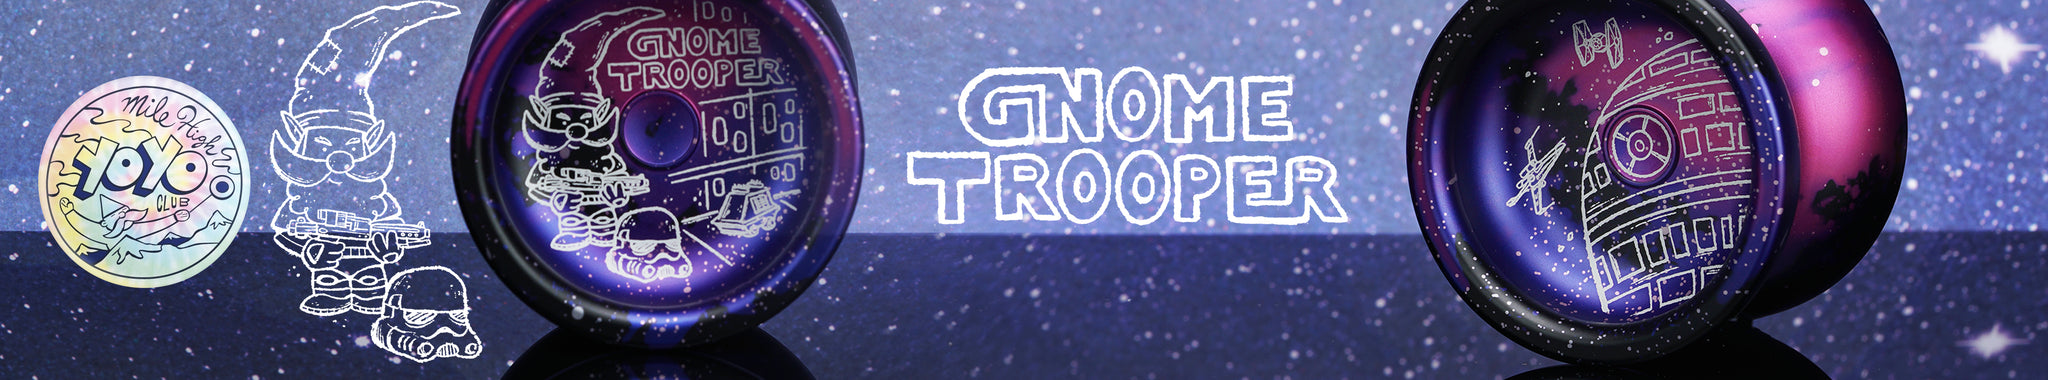 Gnome Trooper by Mile High YoYo Club
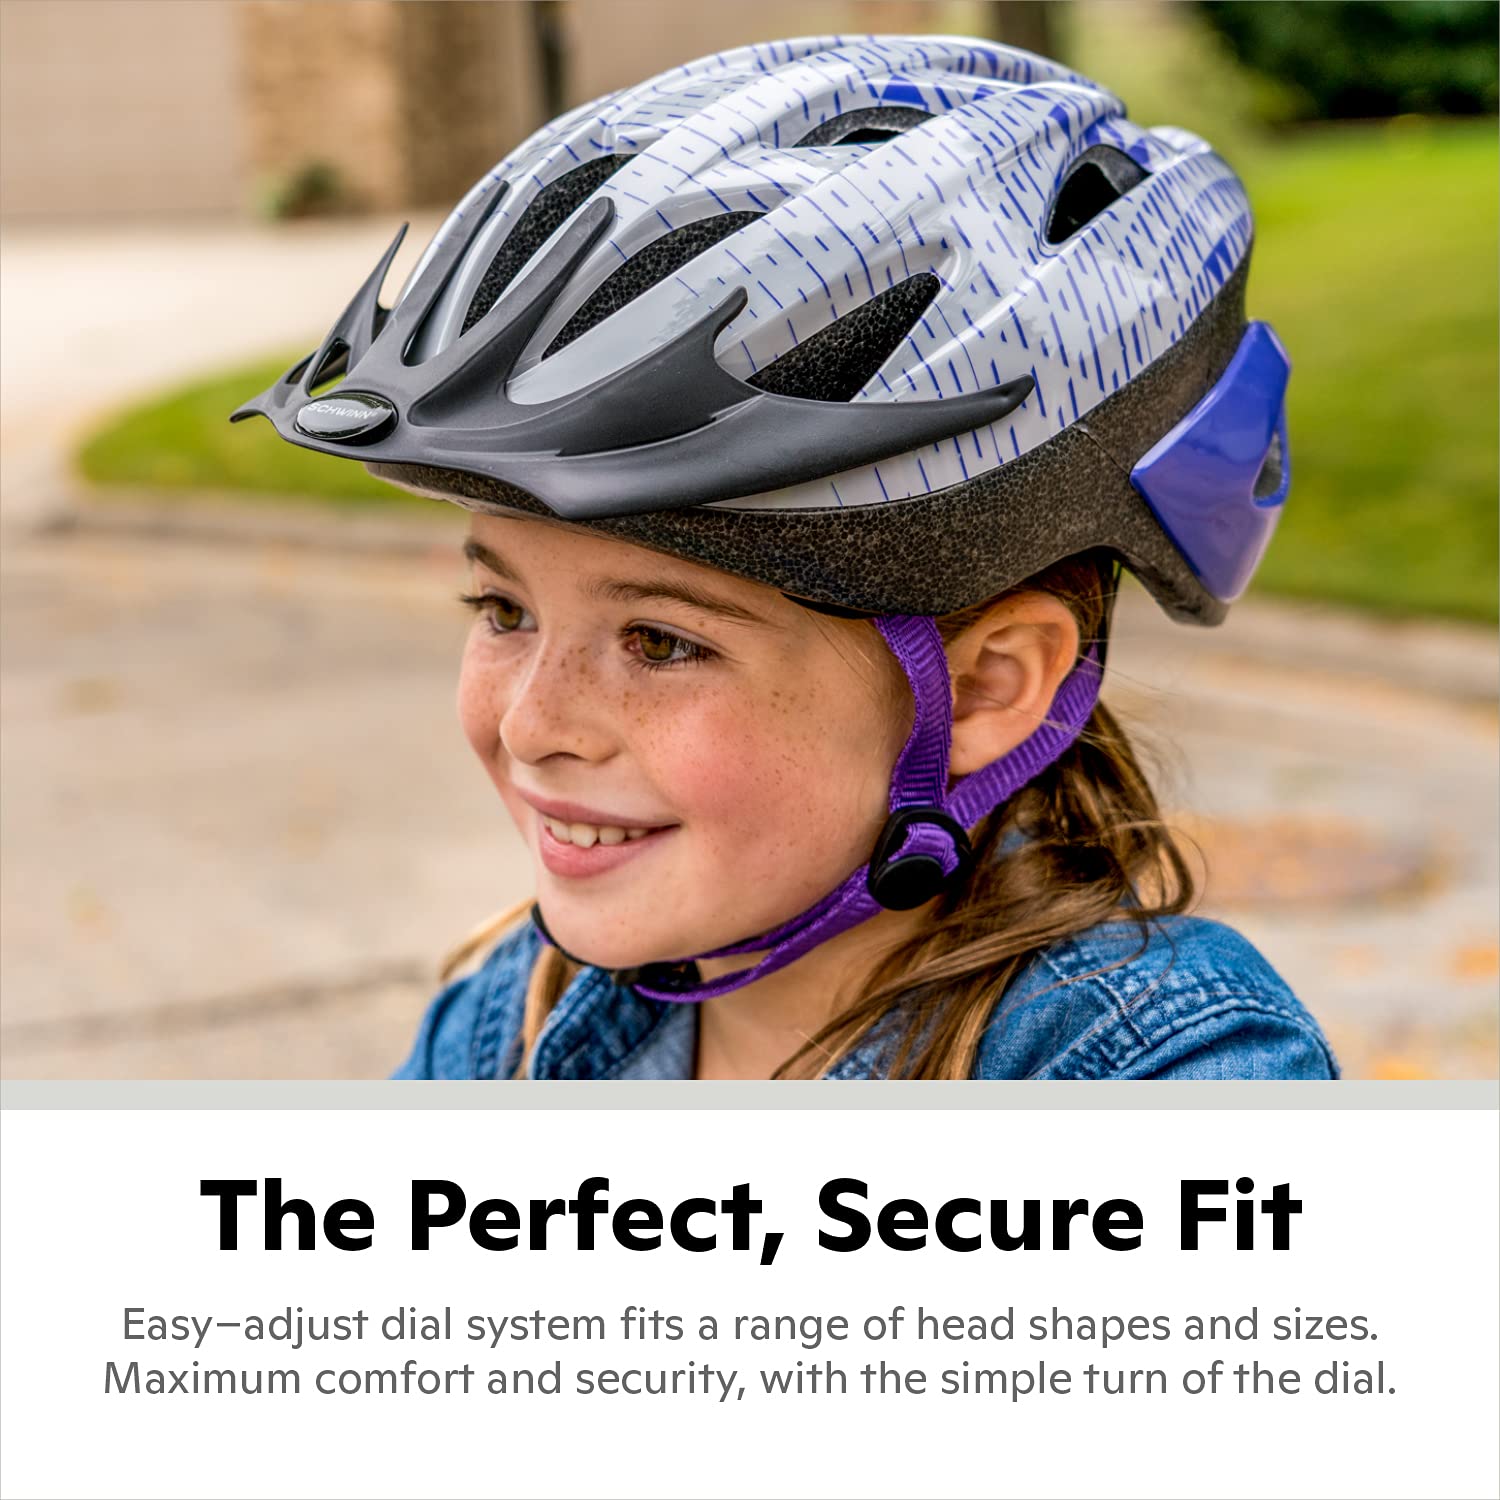 Schwinn Thrasher Kids Bike Helmet, Boys and Girls, Fits 50-54cm Circumference, Ages 5-8 Year Olds, Lightweight, Detachable Visor, CPSC Safety Certified
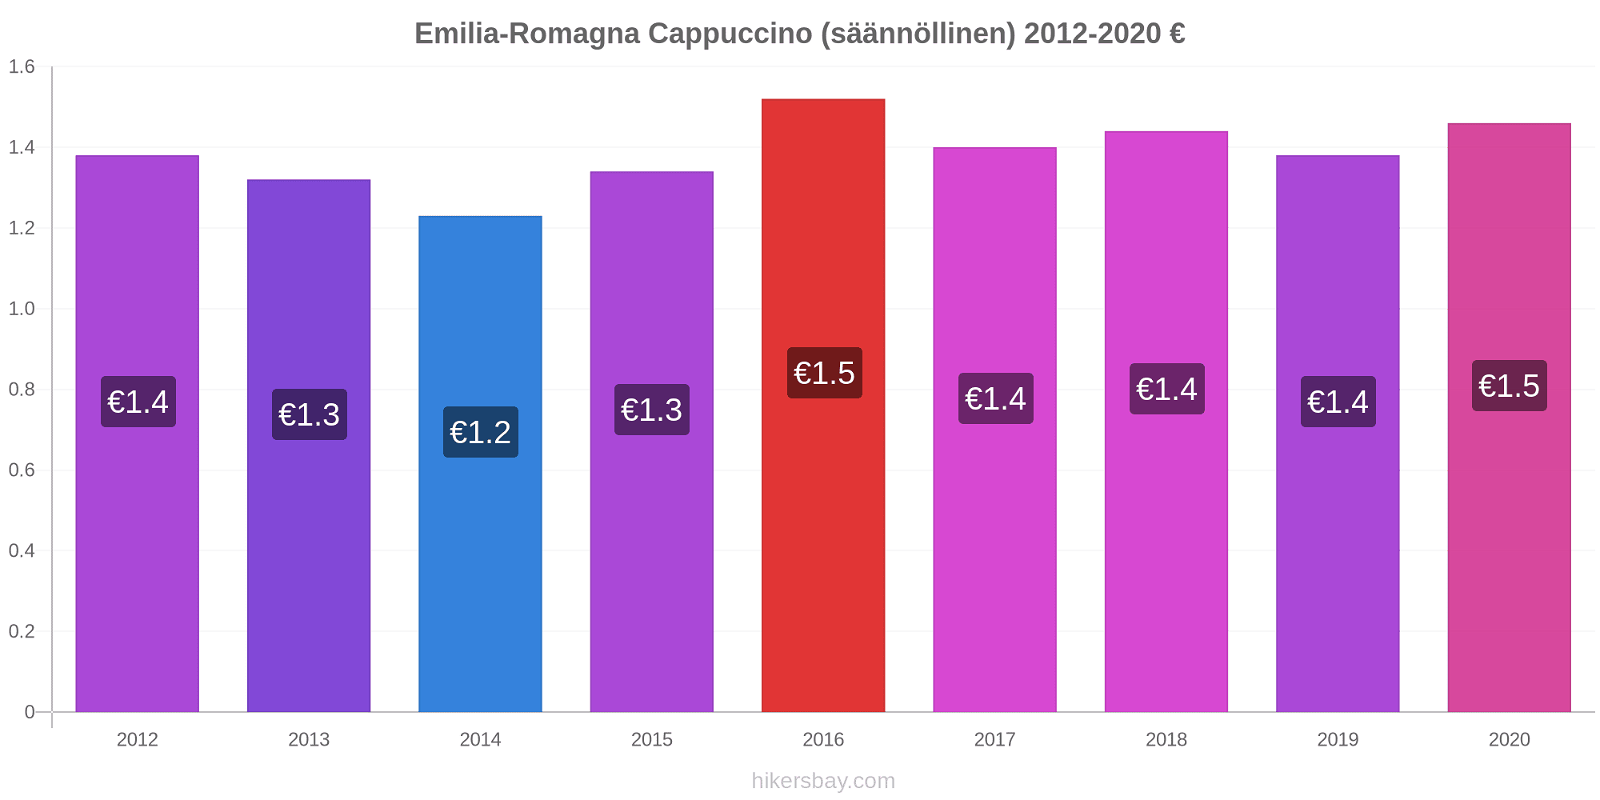 Emilia-Romagna hintojen muutokset Cappuccino (säännöllinen) hikersbay.com

What you will do
Your task is to restate word for word the lines from the one containing "Schwinn Thrasher Kids Bike" through the last line of the data, both ends included, with no pictures.

Result for this exercise
 Schwinn Thrasher Kids Bike Helmet, Boys and Girls, Fits 50-54cm Circumference, Ages 5-8 Year Olds, Lightweight, Detachable Visor, CPSC Safety Certified
 Emilia-Romagna hintojen muutokset Cappuccino (säännöllinen) hikersbay.com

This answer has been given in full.